- REQUIRED ACTION
Drop the images, then output the listing exactly.

- SUPPLIED MATERIAL
▬▬▬
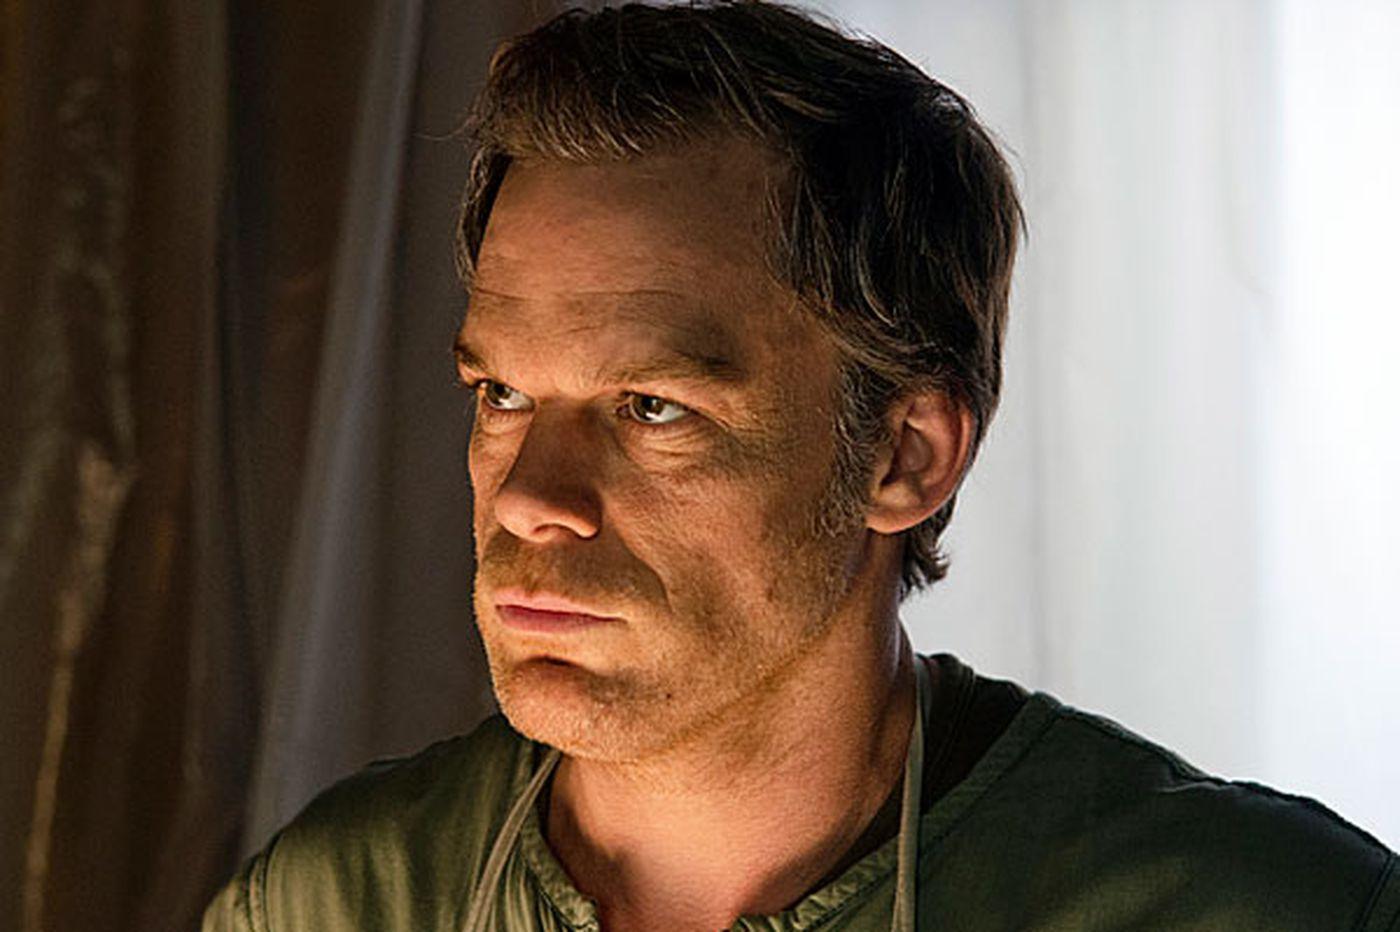 Ellen Gray: After 7 seasons, 'Dexter' still humanizes inhumanity
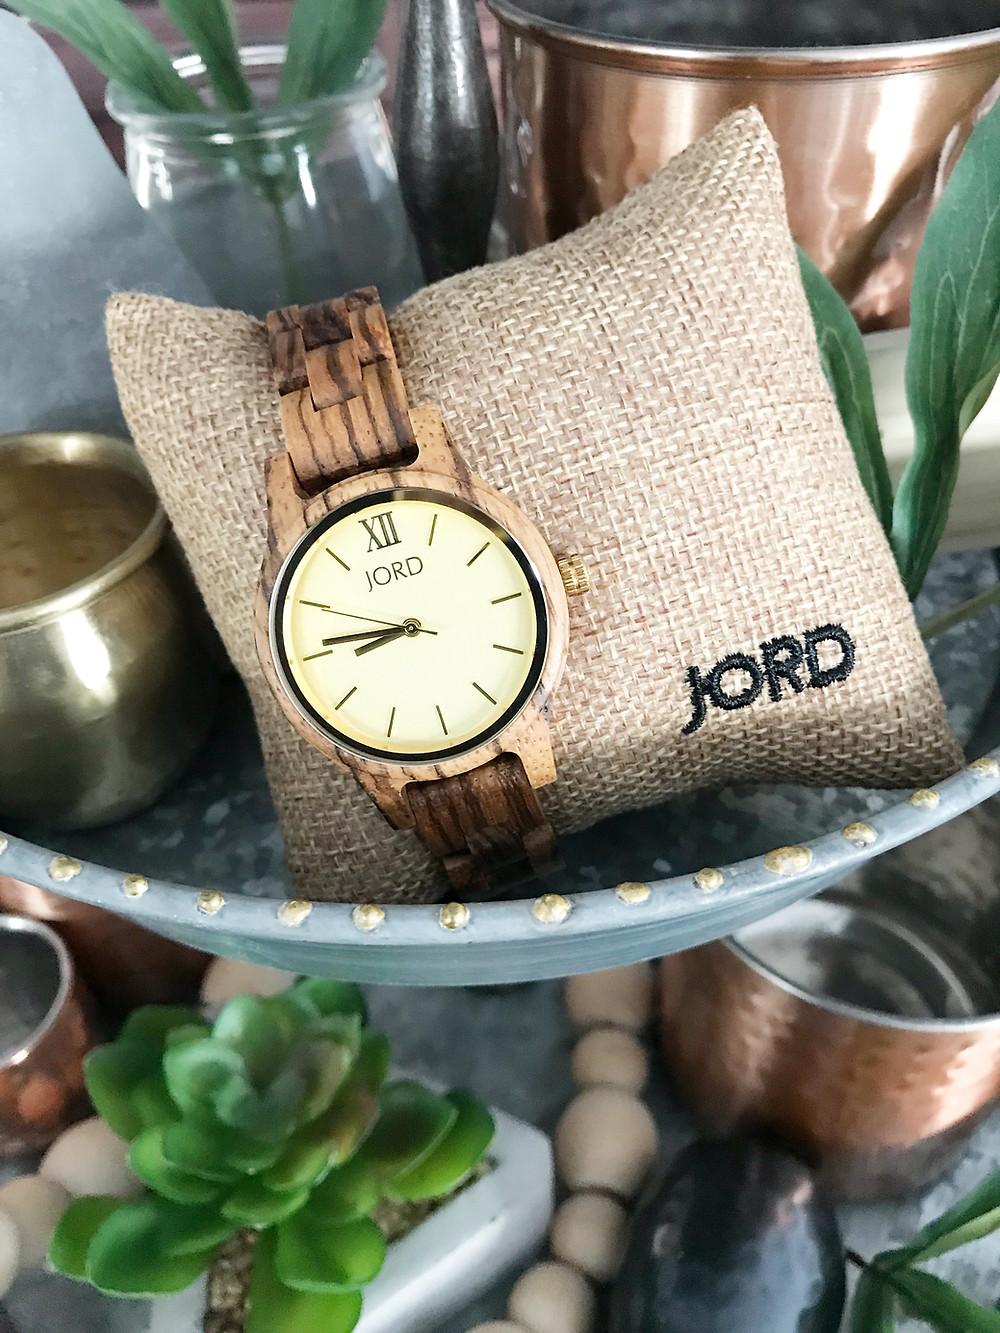 "{C}{C}{C}{C}{C}{C}{C}<!-- JORD WOOD WATCHES ARTICLE WIDGET START --> <a id=""woodwatches_com_widget_article""  ishidden=""1""  title=""Wooden Wrist Watch"">Wooden Wrist Watch</a>  {C}{C}{C}{C}{C}{C}{C}<!-- JORD WOOD WATCHES ARTICLE WIDGET END -->"
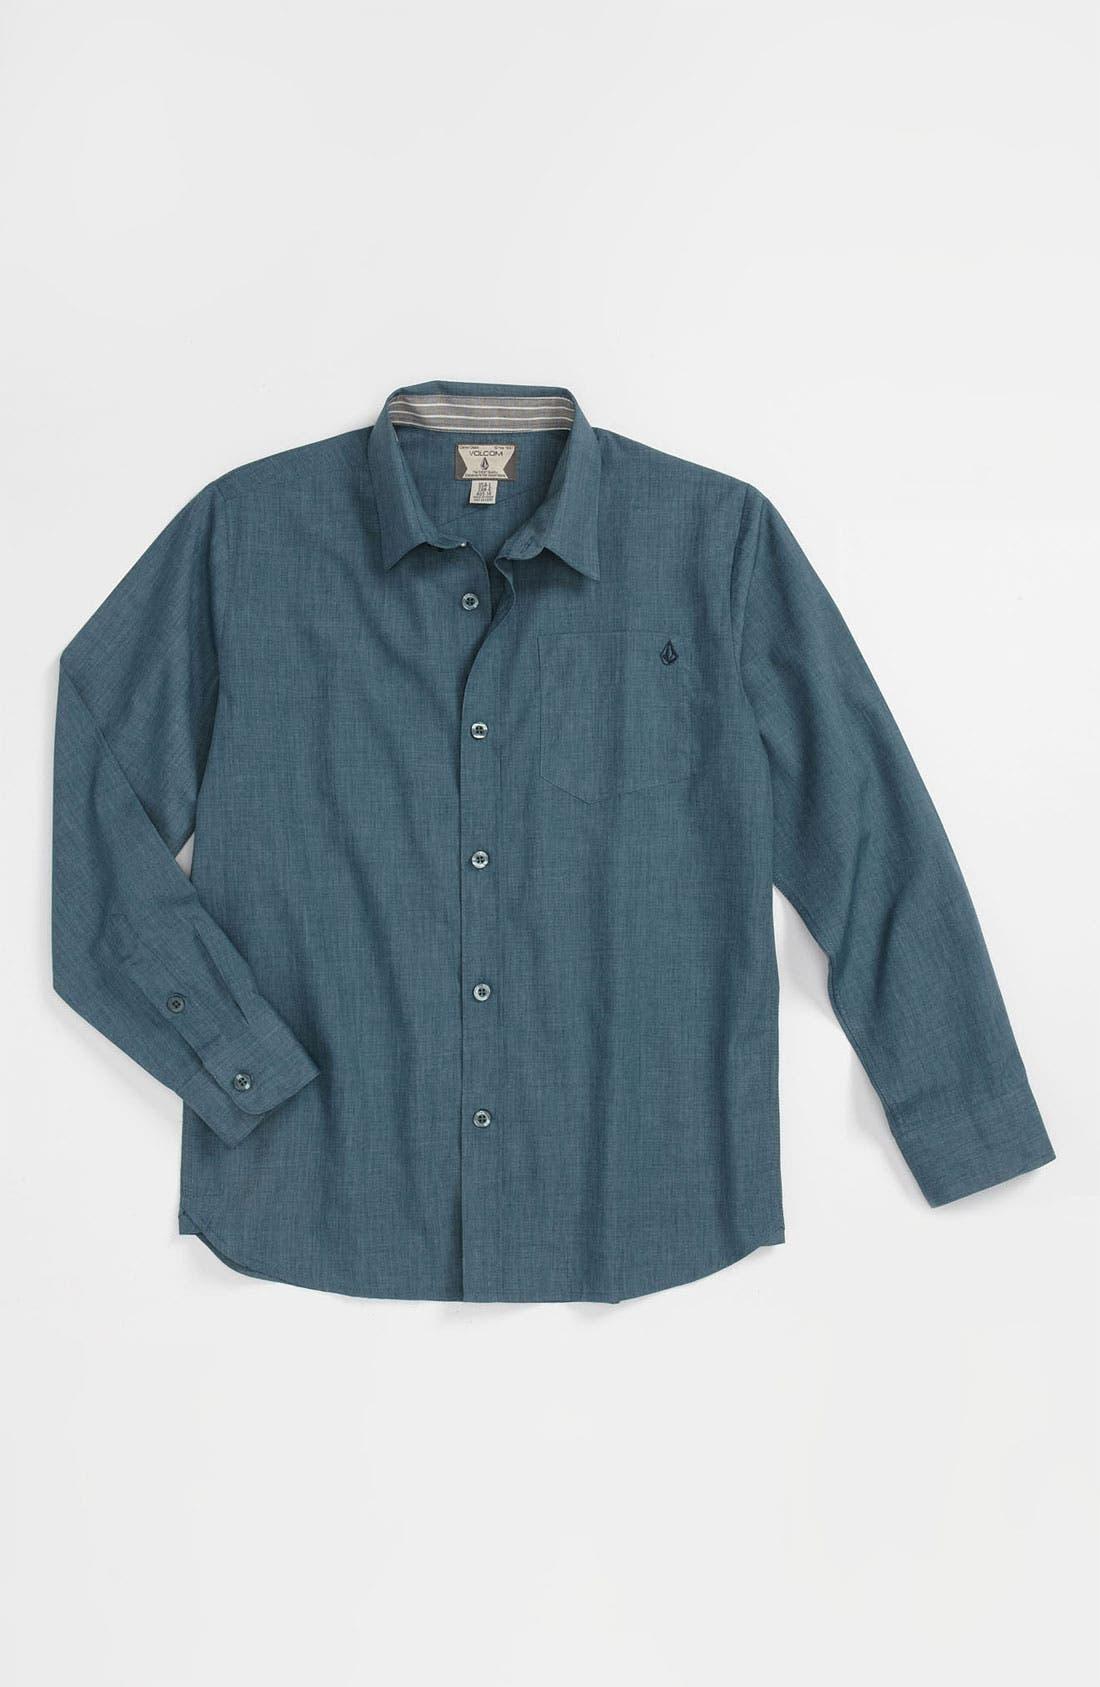 Alternate Image 1 Selected - Volcom 'Ex Factor' Woven Shirt (Big Boys)
▬▬▬
- WRITTEN RESPONSE
 Ellen Gray: After 7 seasons, 'Dexter' still humanizes inhumanity
 "{C}{C}{C}{C}{C}{C}{C}<!-- JORD WOOD WATCHES ARTICLE WIDGET START --> <a id=""woodwatches_com_widget_article""  ishidden=""1""  title=""Wooden Wrist Watch"">Wooden Wrist Watch</a>  {C}{C}{C}{C}{C}{C}{C}<!-- JORD WOOD WATCHES ARTICLE WIDGET END -->"
 Alternate Image 1 Selected - Volcom 'Ex Factor' Woven Shirt (Big Boys)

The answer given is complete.